▶ Your objective
What is needed is an exact copy of the lines in the entries below from the one holding "Dancehall's Golden Era, Vol.3" through the one holding "Neuperlach-maikaefersiedlung am 04.03.2016", pictures excluded.

▶ Data excerpts

····················

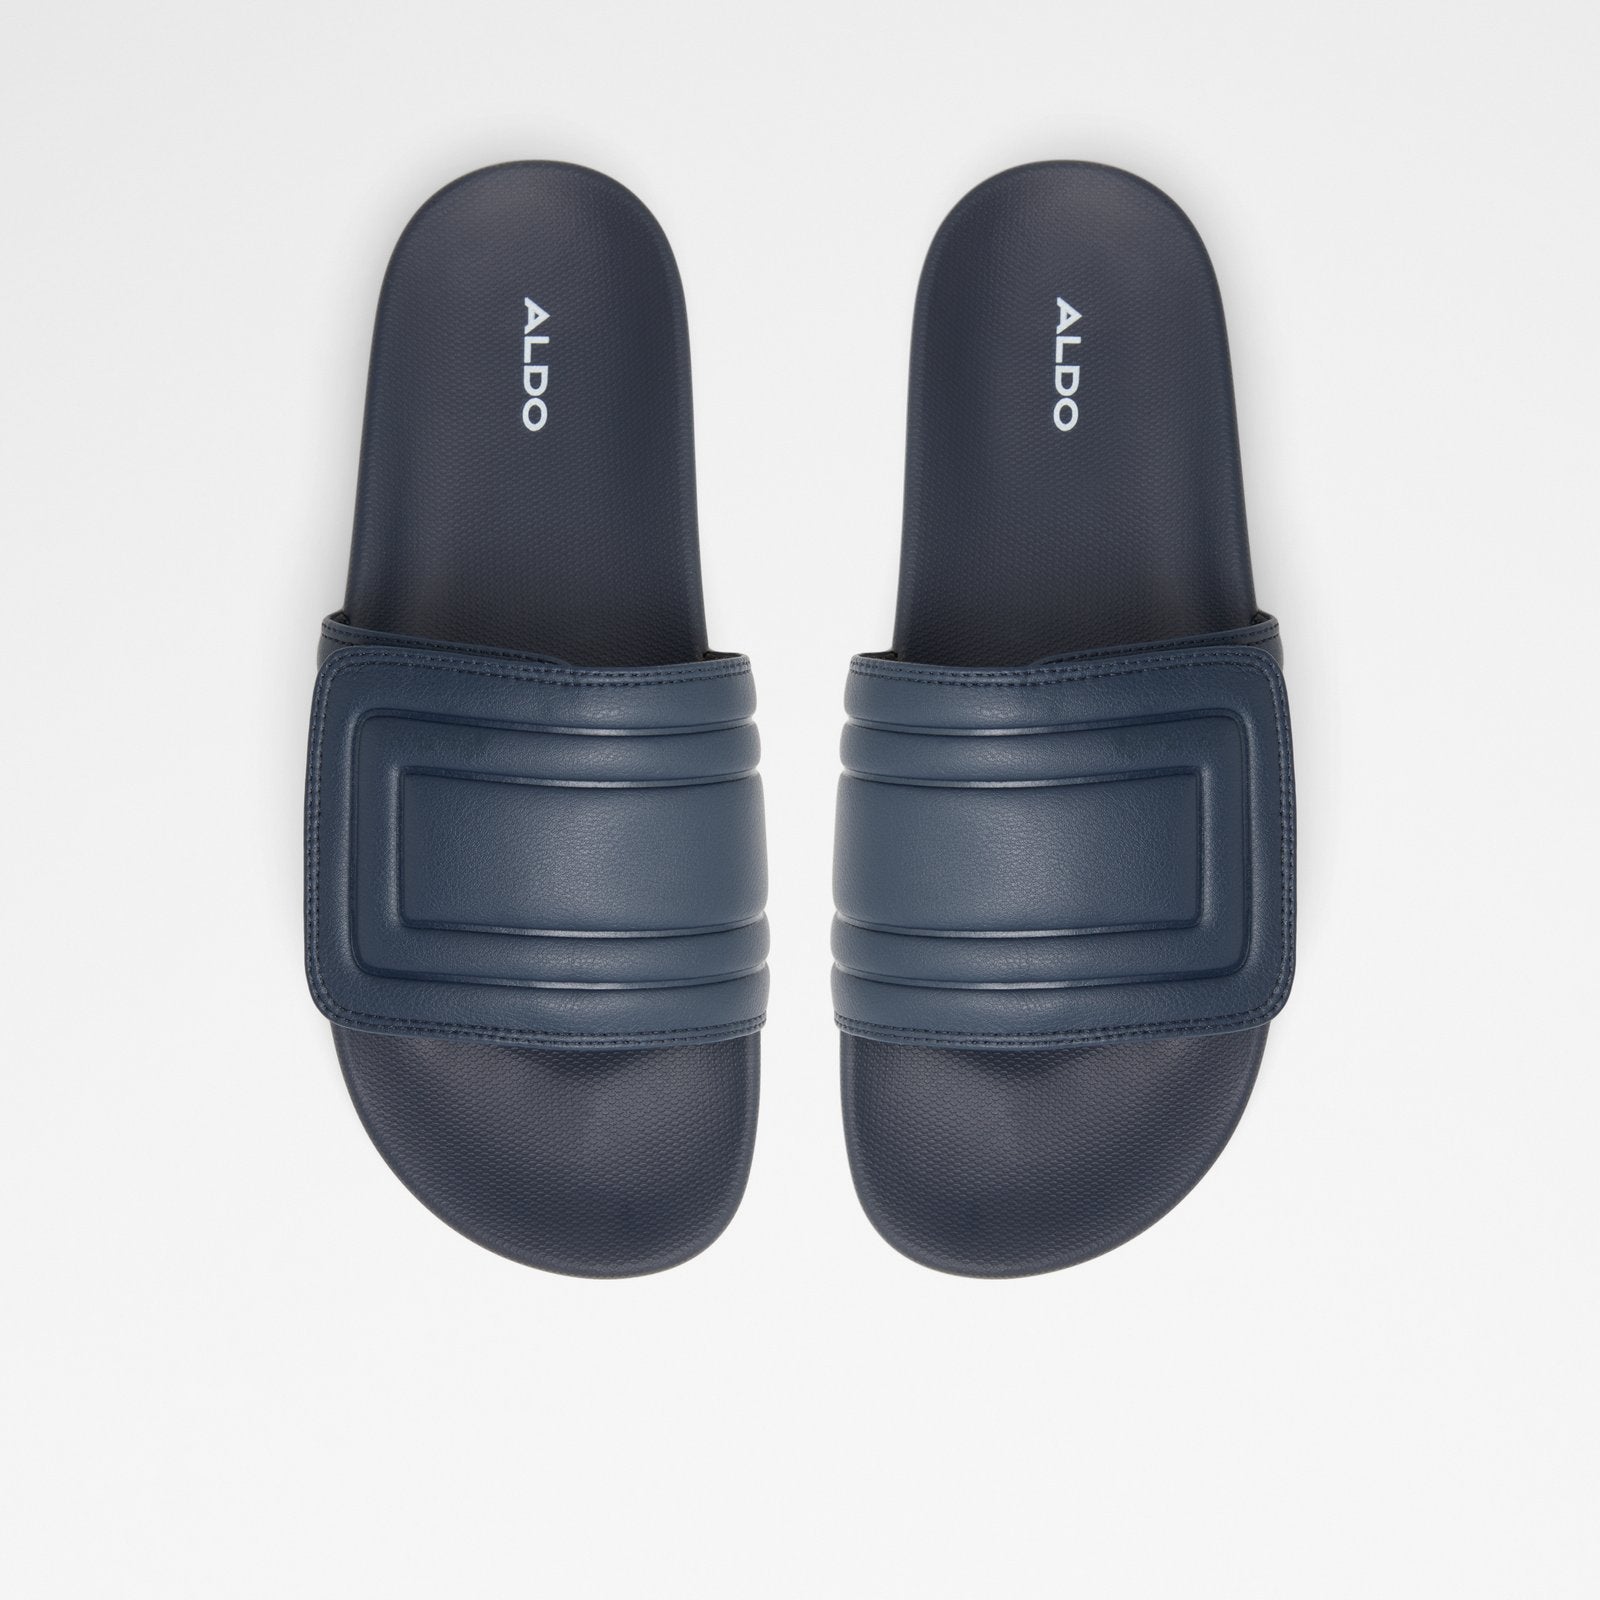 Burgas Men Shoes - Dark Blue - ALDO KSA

····················

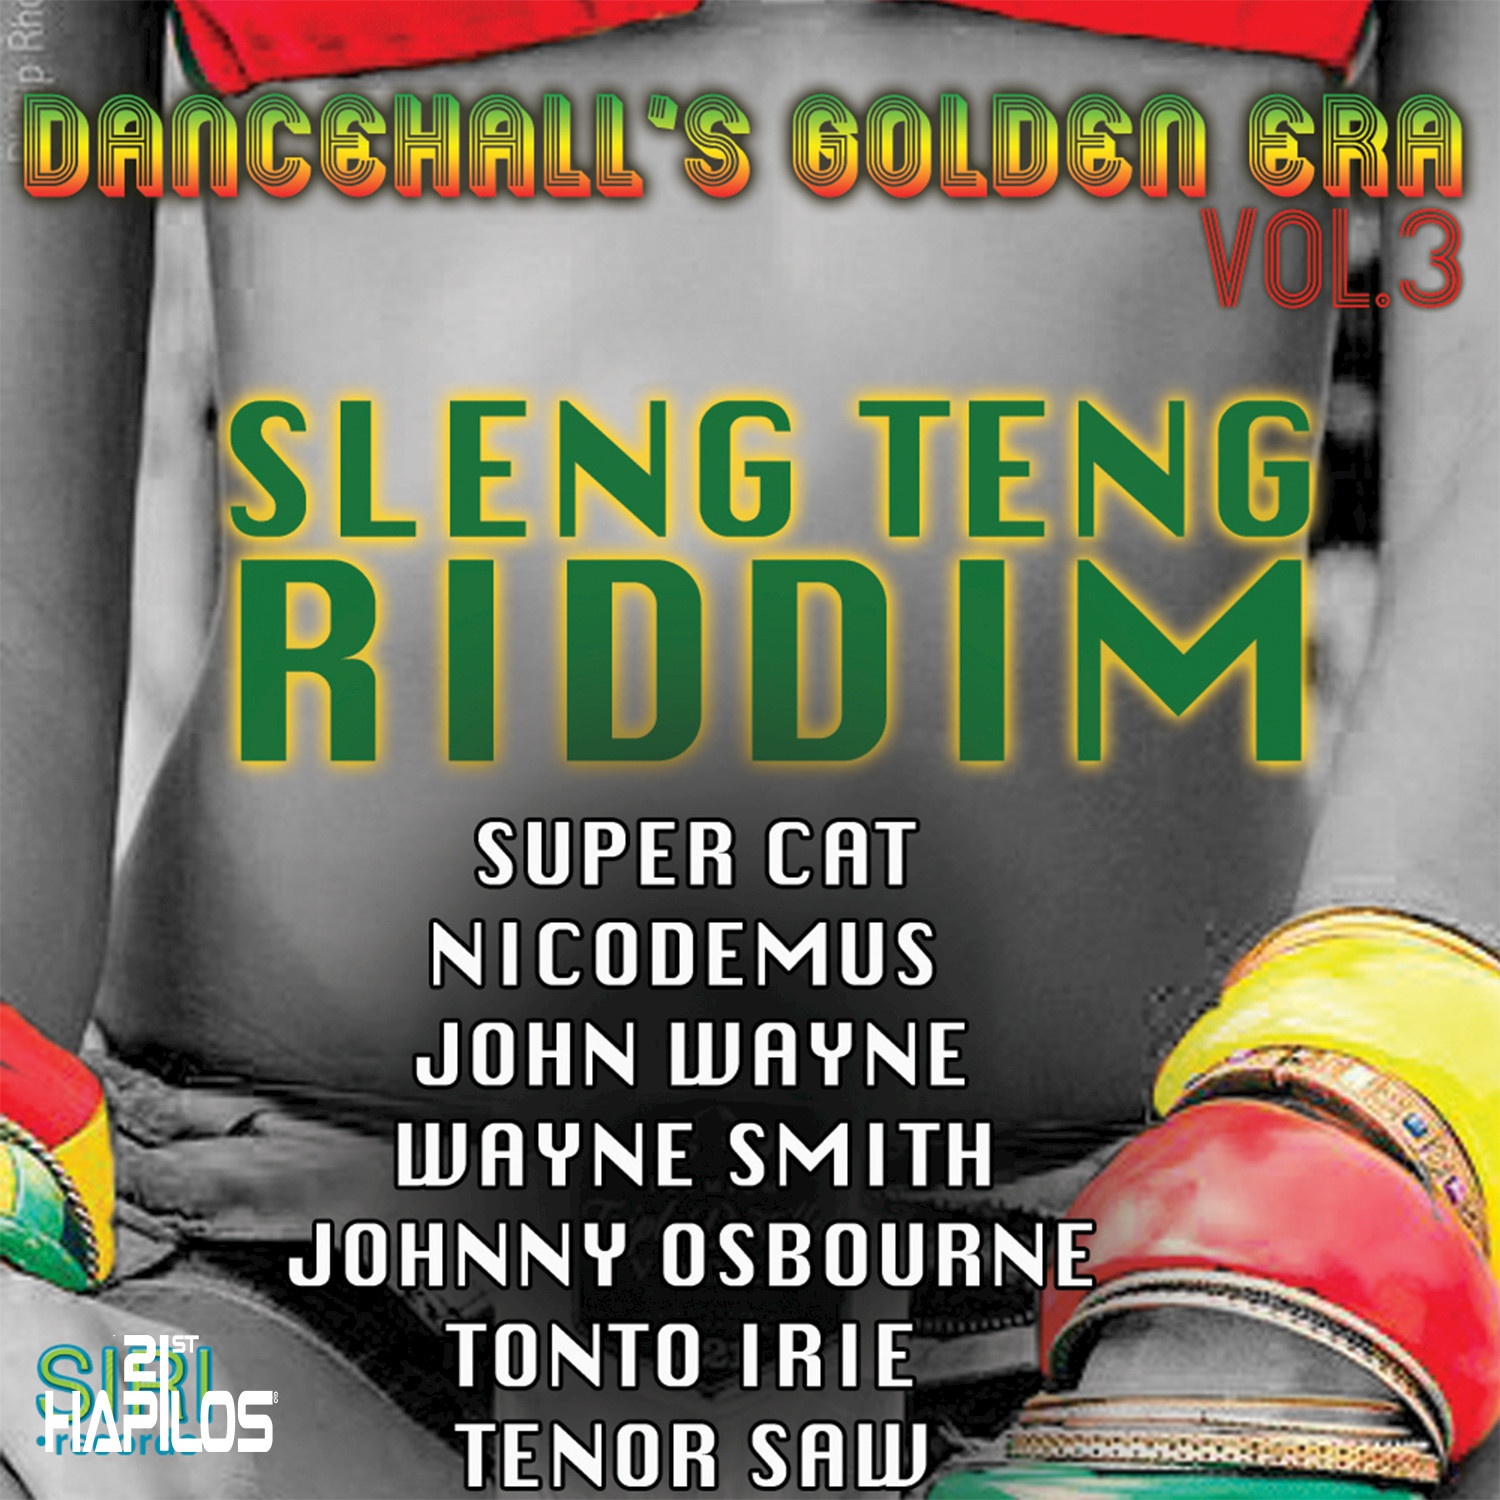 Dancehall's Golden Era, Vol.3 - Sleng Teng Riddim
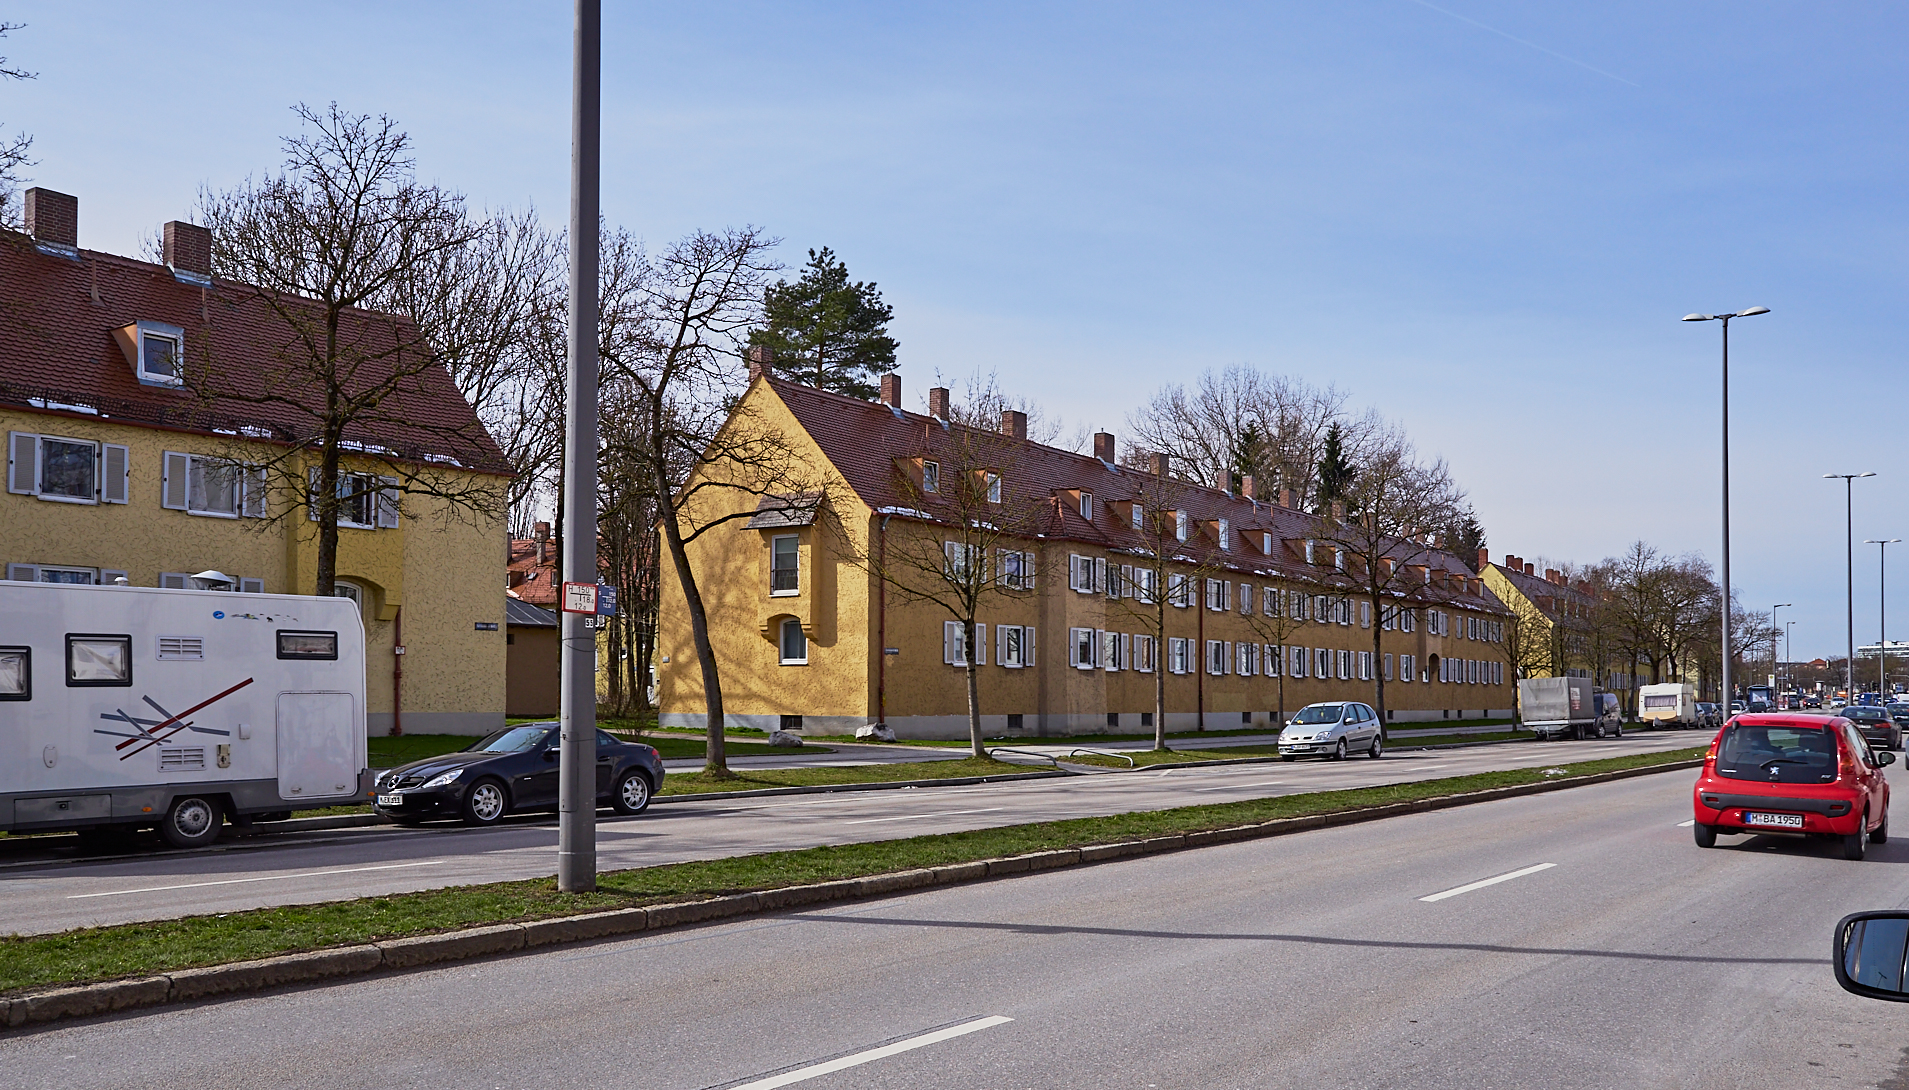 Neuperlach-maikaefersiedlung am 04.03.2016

····················

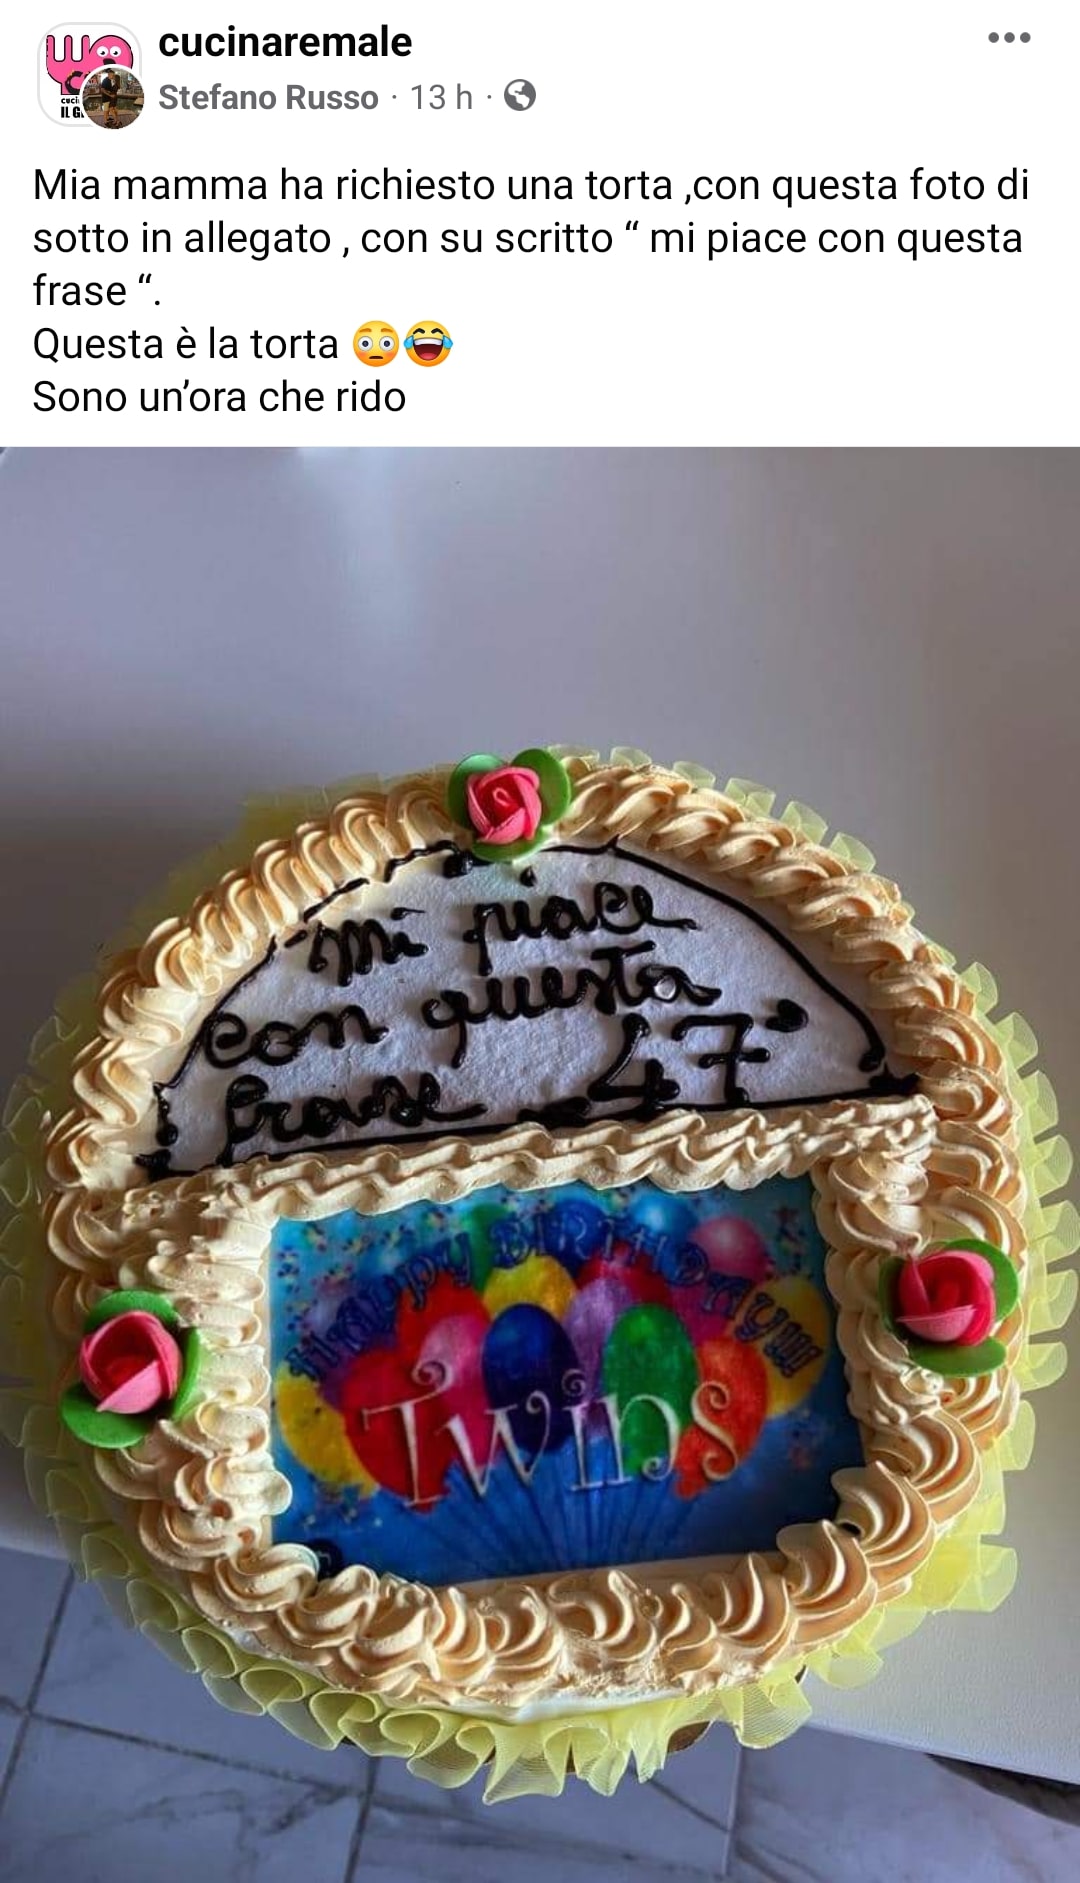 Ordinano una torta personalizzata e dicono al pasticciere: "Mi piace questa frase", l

····················

▶ Output of the task
 Dancehall's Golden Era, Vol.3 - Sleng Teng Riddim
 Neuperlach-maikaefersiedlung am 04.03.2016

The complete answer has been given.